Externsteine geben Geheimnis preis

Präzise Altersbestimmung der umstrittenen Feuerstellen gelungen

Externsteine © Robin Jähne

Die Externsteine in Lippe sind nicht nur eines der bemerkenswertesten Naturdenkmäler Mitteleuropas, sondern bereits seit Jahrzehnten auch ein „Stein des Anstoßes“. Immer wieder gab es unter Historikern Streit darüber, ob die Felsstätten bereits in vorchristlicher Zeit als Kultstätten genutzt wurden. Eines der wichtigsten Rätsel der Externsteine war bisher das Alter der Grotten in den Felsenstätten. Forscher der Heidelberger Akademie der Wissenschaften haben dieses Geheimnis nun gelüftet.

Nach den Ergebnissen der Studie stammen die untersuchten Feuerspuren nicht aus vorchristlicher Zeit. Damit konnten die Wissenschaftler die Ergebnisse der bisherigen Forschung bestätigen. Das Forschungsprojekt ergab zudem, dass zwei der untersuchten Feuerspuren in der Haupt- und Nebengrotte der Externsteine aus dem Spätmittelalter (1325 n.Chr. +/- 50 Jahre und 1425 +/- 63) stammen, eine weitere Spur ist höchstens hochmittelalterlich (nach circa 1030 +/- 100).

Entgegen den bisherigen Erkenntnissen ergab die Untersuchung der Bohrkerne aus der branderhitzten Decke der Kuppelgrotte jedoch deutlich höhere Alter: Während eine Spur aus ottonischer Zeit stammt (934 +/- 94), ist eine weitere in die Zeit nach 735 (+/- 180) zu datieren, könnte somit aus der Zeit der fränkisch-sächsischen Auseinandersetzungen ab der 2. Hälfte des 8. Jahrhunderts stammen. Die Kuppelgrotte ist damit mindestens frühmittelalterlich.

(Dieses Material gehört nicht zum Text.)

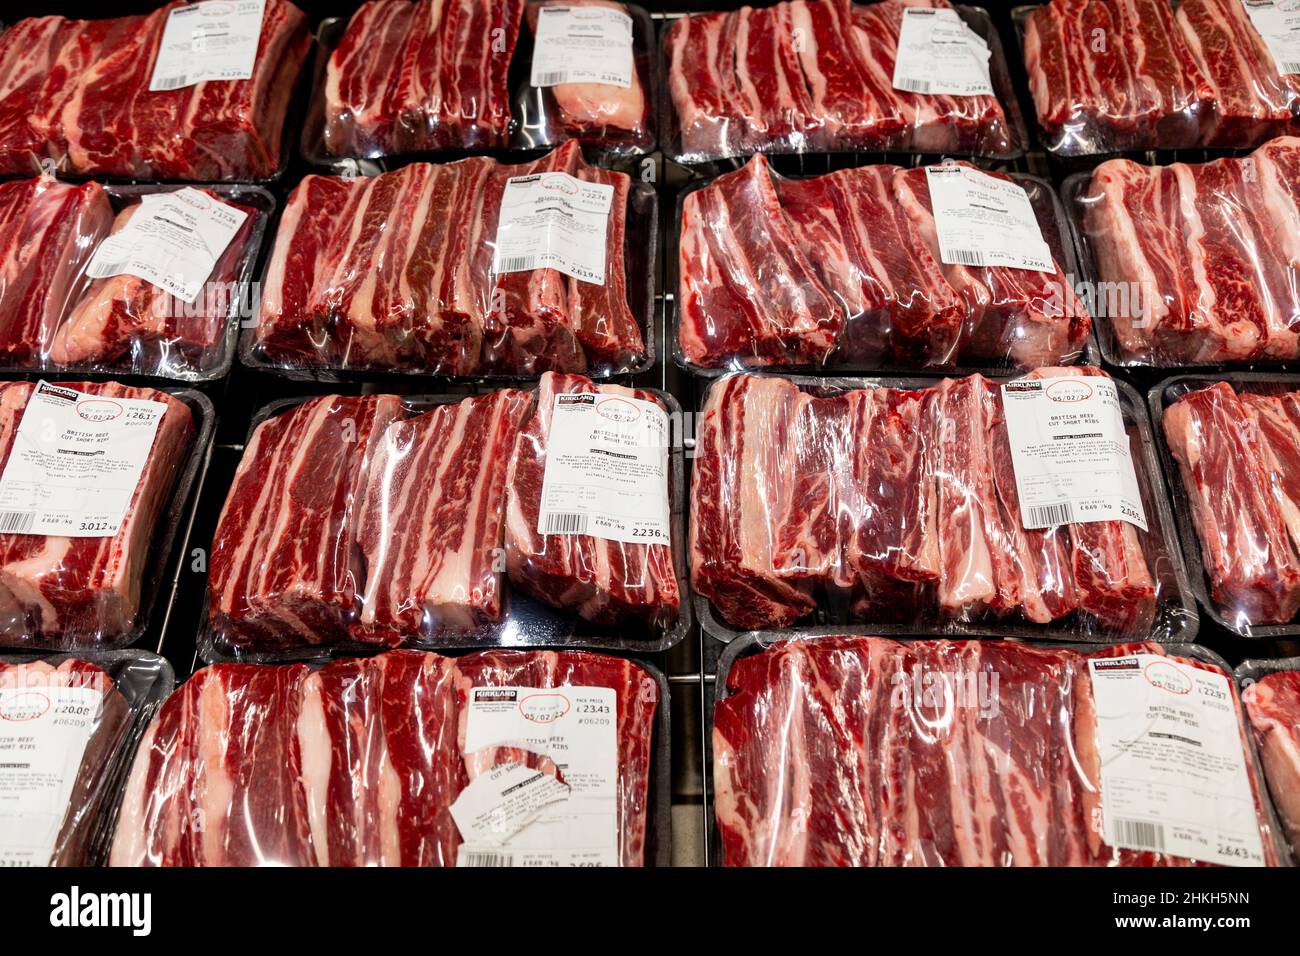 Paquets de côtes enveloppées dans du plastique, de la viande rouge dans un réfrigérateur de supermarché Banque D'Images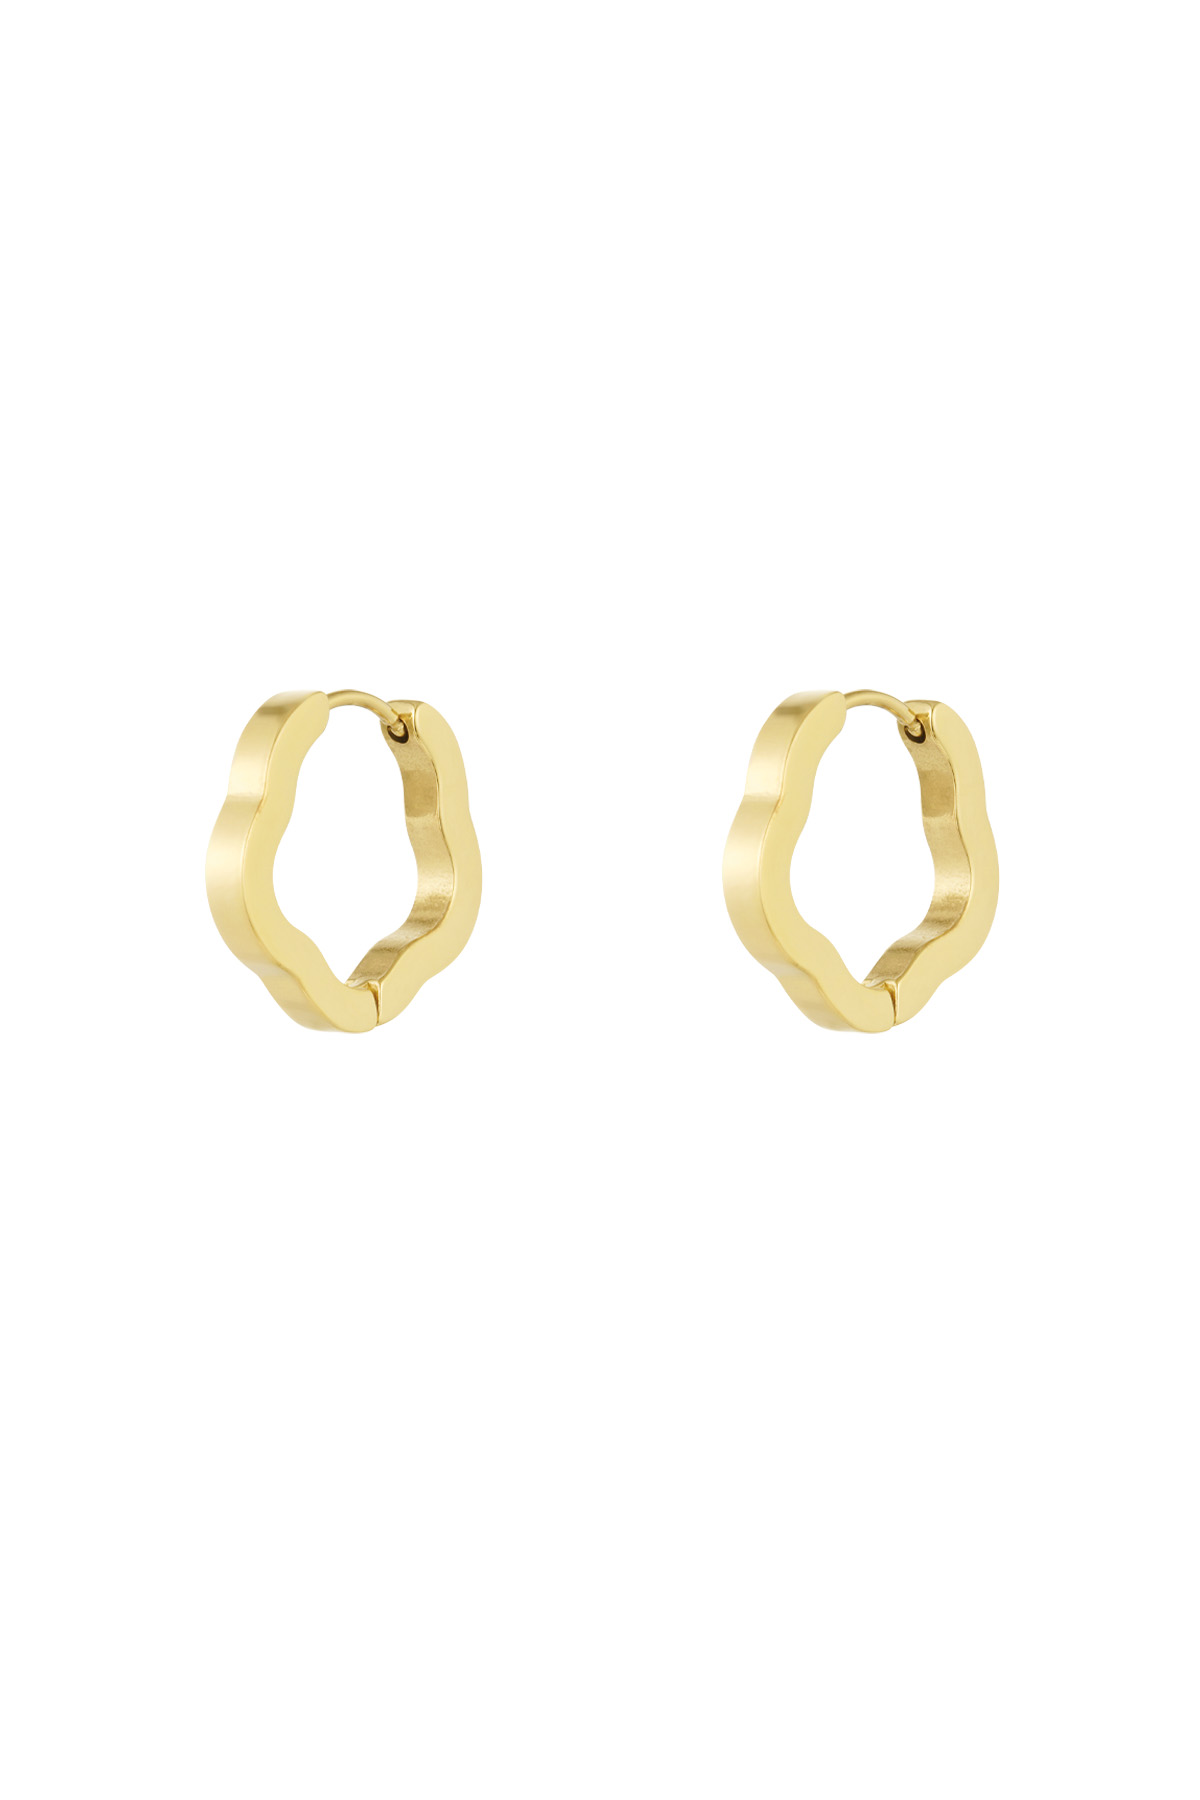 Einfache Ohrringe in Blumenform, mittelgroß – Gold

Zeitpunkt der letzten Erhitzung ermittelt

Datiert wurden die Proben mit der Methode der so genannten Optisch- Stimulierten-Lumineszenz (OSL). Mit dieser Methode bestimmt man den Zeitpunkt der letzten Erhitzung der im Sandstein enthaltenen Quarz- und Feldspatkörner, mithin das Mindestalter der Anlage der Grotten.

Das Verfahren beruht darauf, dass natürliche Gesteine geringe Mengen an radioaktiven Elementen besitzen, welche die Mineralkörner einer fortdauernden Strahlung aussetzen und ein Lumineszenz-Signal aufbauen.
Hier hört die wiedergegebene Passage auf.